Learn about these common mistakes that entrepreneurs often make while raising venture capital. If you really have a billion dollar idea, it is worth reading them to avoid any loophole.
1. No Clear Strategy
You need to have an objective in mind and to fulfill that you need a clear strategy. Remember, a business cannot survive without a successful strategy. Your first pitch should speak about that in front of the investors so that they give you some credibility. Having a definite mission and vision is critical for any entrepreneur to prove the authenticity of the business. You must know the milestones you need to achieve and what you need to reach there.

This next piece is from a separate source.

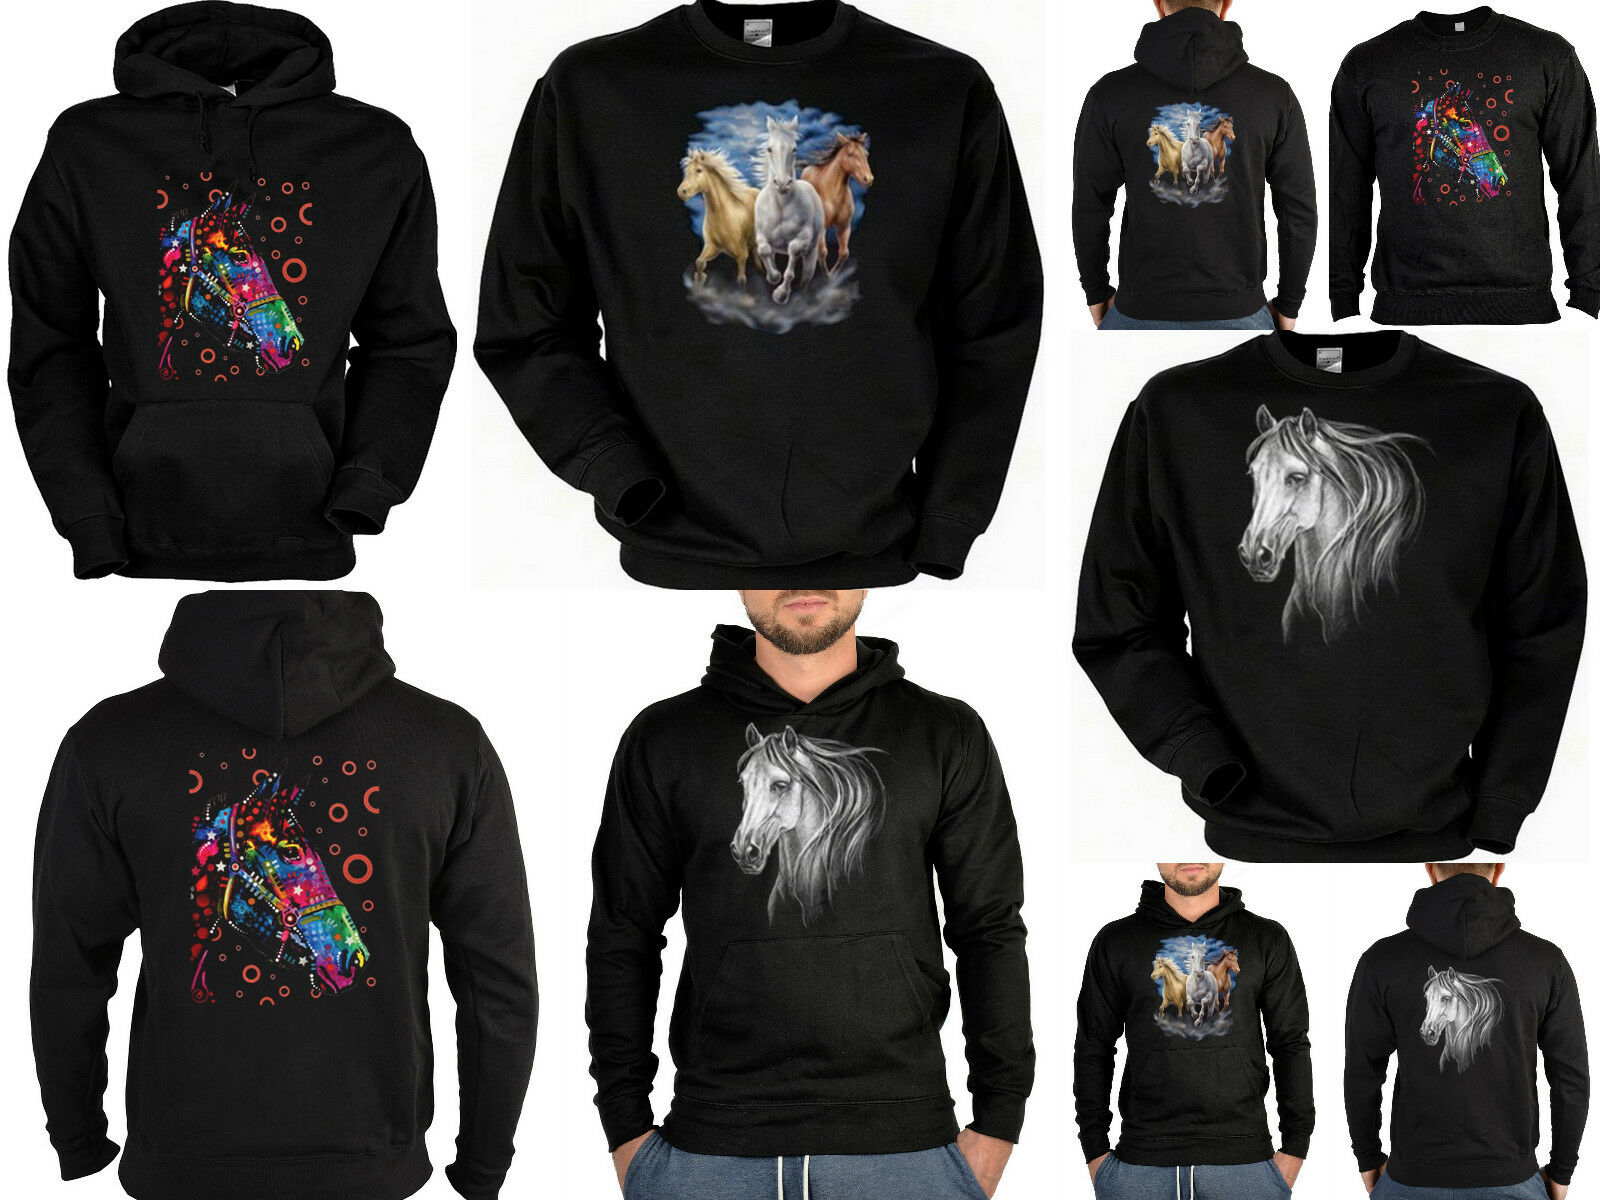 Pferde Sweater - Kapuzensweater - Zip Hoodie Neon Pferd Motiv Pferdemotiv Pulli

2. Chasing The Wrong Investor
As a first-time entrepreneur, you must value each second of your life. Make sure you choose you investor carefully and then start chasing or else, it will only be a waste of time, money and energy – your assets. Visit the investors’ website and gather information about them. Know which sectors they are interested in or which stage of development they look for. Are they local or global? Know about some of their portfolio companies as well. Once the research is over, look for an opportunity to meet a suitable investor.
3. Wrong Timing
There are many investors interested in high-potential seed stage startups. However, you must not overlook the importance of other funding sources like business incubators, crowdfunding, angel investors and others. Remembers, venture capitalists are more inclined towards businesses that have already raised capital earlier or have existing investors. They consider them more reliable so if possible, you must try out the other options as well. By the time you reach the growth stage, it will be much easier for you to attract venture capital.
4. Wrong Approach
The way you approach an investor can significantly influence their decision. Avoid making cold calls or sending casual emails. Instead, look for a strong referral as this is a well known approach that investors have long been responding to. Boost your social and professional networks, meet new people, talk to them about your business and fund raising campaign. You never know who, someday, introduces you to the right VC.